# Australian KIA in Afghanistan 05 Jan 09



## 1feral1 (6 Jan 2009)

Link http://www.scoop.co.nz/stories/WO0901/S00023.htm

Shared IAW the usual....

--------------------
Australian Soldier Killed in Afghanistan
Monday, 5 January 2009, 11:48 am
Press Release: Australian Defence Force  

Department of Defence Media Mail List


DEFENCE MEDIA RELEASE

MSPA 002/09 Monday, 5 January 2009

AUSTRALIAN SOLDIER KILLED IN AFGHANISTAN

An Australian soldier in Afghanistan has been killed in a rocket attack whilst conducting operations in Oruzgan Province.

Chief of the Defence Force, Air Chief Marshal (ACM) Angus Houston, said the soldier was killed early yesterday evening, Australian time.

"Taliban insurgents engaged an Afghan forward operating base with rockets. An Australian element was deployed at the base during this attack. 

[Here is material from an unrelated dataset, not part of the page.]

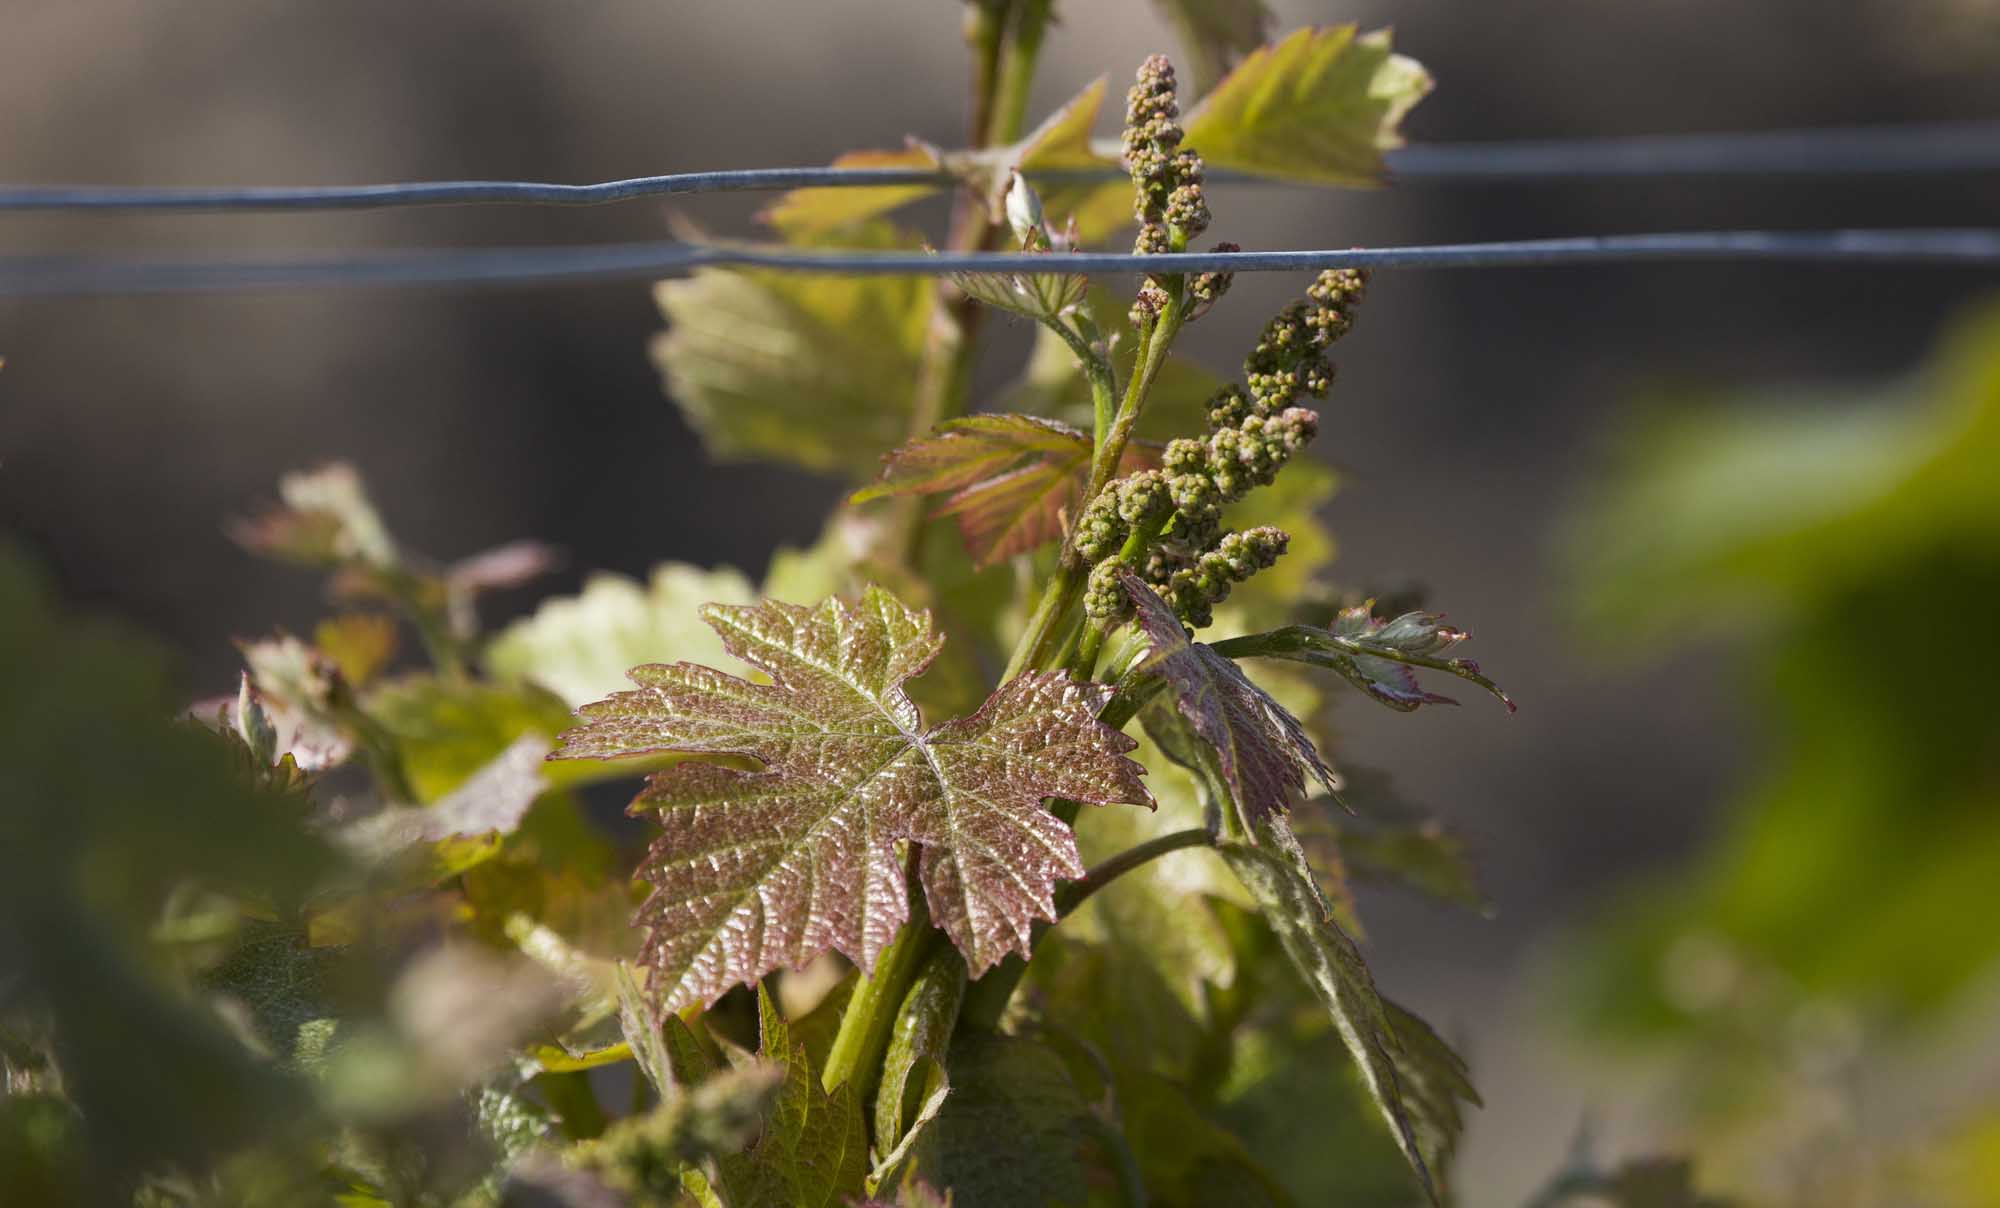 Airfield Estates owner, Marcus Miller, says the Dolcetto wine grape variety consistently produces high quality wines. Miller points out Dolcetto has a distinctive reddening on the leaf and requires heavy thinning in the late spring. (TJ Mullinax/Good Fruit Grower)

"As a result of this indirect fire it is with regret that I inform you that an Australian soldier has been killed. No other Australian soldiers, or other coalition nationals, were wounded in this attack.

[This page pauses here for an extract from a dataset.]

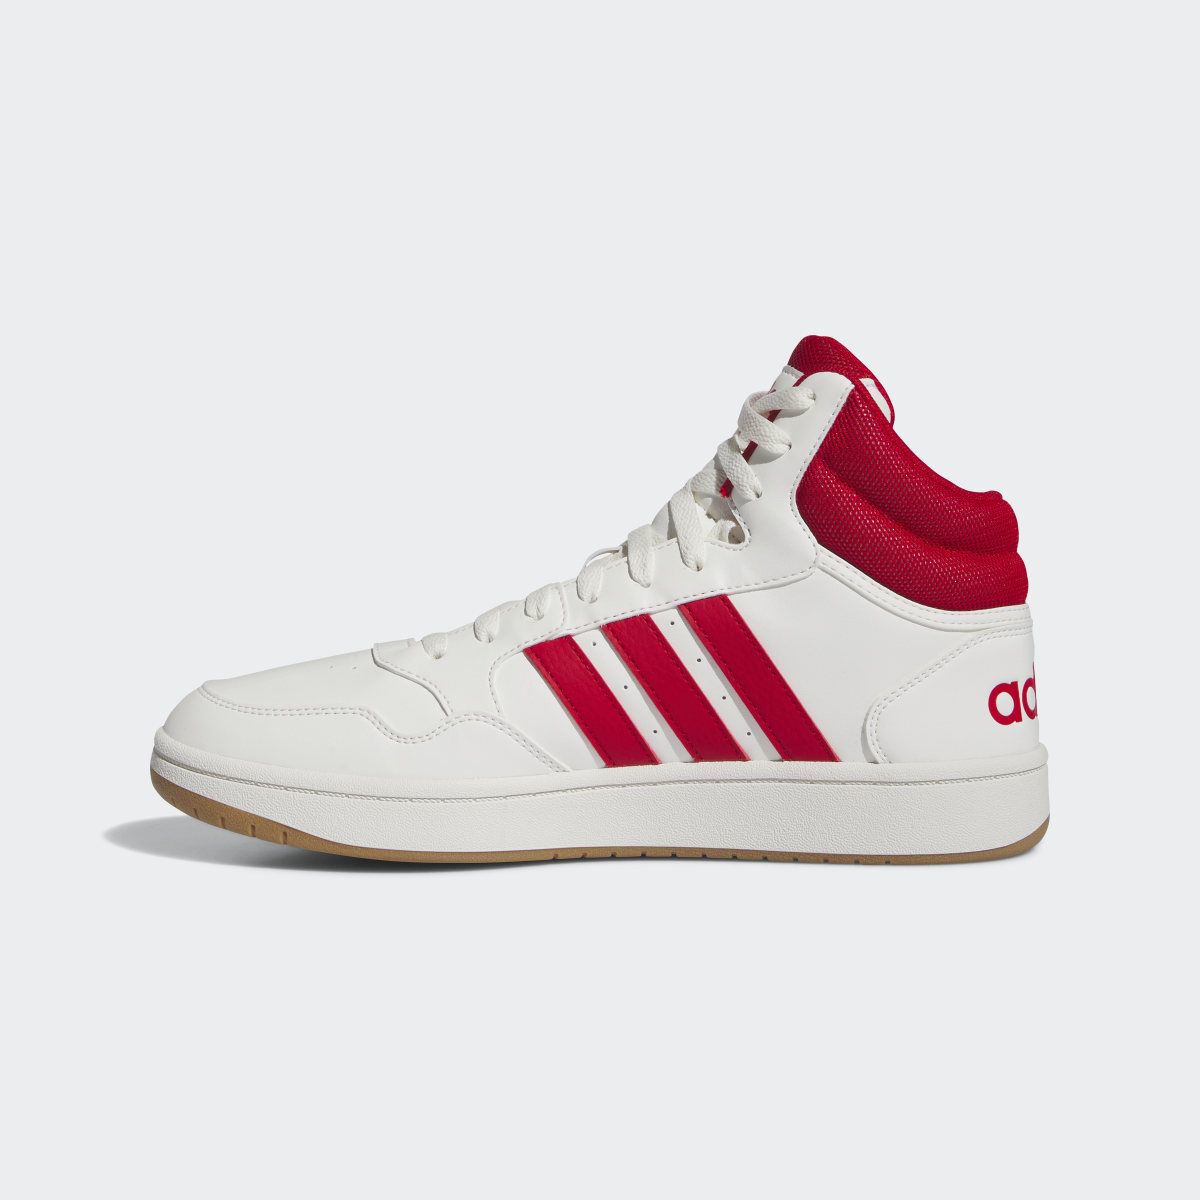 Adidas Hoops 3.0 Mid Classic Vintage Shoes. 7

"The soldier was killed instantly when a rocket exploded in the compound," ACM Houston said.

Defence has notified the immediate family of the soldier involved and is providing assistance to them during this very difficult time. 

ACM Houston extended his condolences to the family. "To the family I want to convey that I am terribly sorry for their loss. Though I can bring them no comfort at this time, I do want them to know they are in the thoughts and prayers of a grateful nation. I will ensure they are provided with caring support as they endure their devastating loss.

"Despite the tragic loss of this soldier, our operations will continue and we will not be deterred, nor our resolve lessened, from taking the fight to the Taliban," ACM Houston said.

Media Note:
At the request of the soldier"s family the ADF will not release his personal details at this time.

As operations are ongoing, Defence will not provide further detail on this incident at this time as it could jeopardise the safety of those who remain in the field. 
------------------------------

RIP Digger.

OWDU


----------



## CougarKing (6 Jan 2009)

RIP Digger. And my condolences to the family and comrades of the fallen.


----------



## tomahawk6 (9 Jan 2009)

Pte Sher's repatriation ceremony. 







Dignitaries in attendance at the ramp ceremony for Private Gregory Sher, were (L to R) the Hon. Joel Fitzgibbon MP, Minister for Defence; Special Operations Commander Australia, Major General Tim McOwan; Commanding Officer 1st Commando Regiment; Acting Chief of the Defence Force, Lieutenant General David Hurley; Chief of Army, Lieutenant General Ken Gillespie and the Hon. Bob Baldwin MP, Shadow Minister for Defence Science and Personnel (representing the Shadow Minister for Defence) www.defence.gov.au Hires






Commanding Officer 1st Commando Regiment places Private Gregory Sher's medals on his casket, during the ramp ceremony held at Tullamarine Airport, Melbourne.


----------



## 1feral1 (9 Jan 2009)

It should be noted that 1 Cdo is a AGR (Active General Reserve) Unit.

Regards,

Wes


----------



## Old Sweat (9 Jan 2009)

Wes,

I recognize the US Bronze Star the CO is wearing at the end of his medals. What are the others?


----------



## Raven22 (16 Jan 2009)

The CO has got a Distinguished Service Cross, an Australian Active Service Medal, Afghanistan Campaign Medal, Australian Service Medal, Defence Long Service Medal and Australian Defence Medal (Plus the Bronze Star).

Also interesting to note that all four uniformed gents in the first row have Distinguished Service Crosses. Clearly not men to mess with.


----------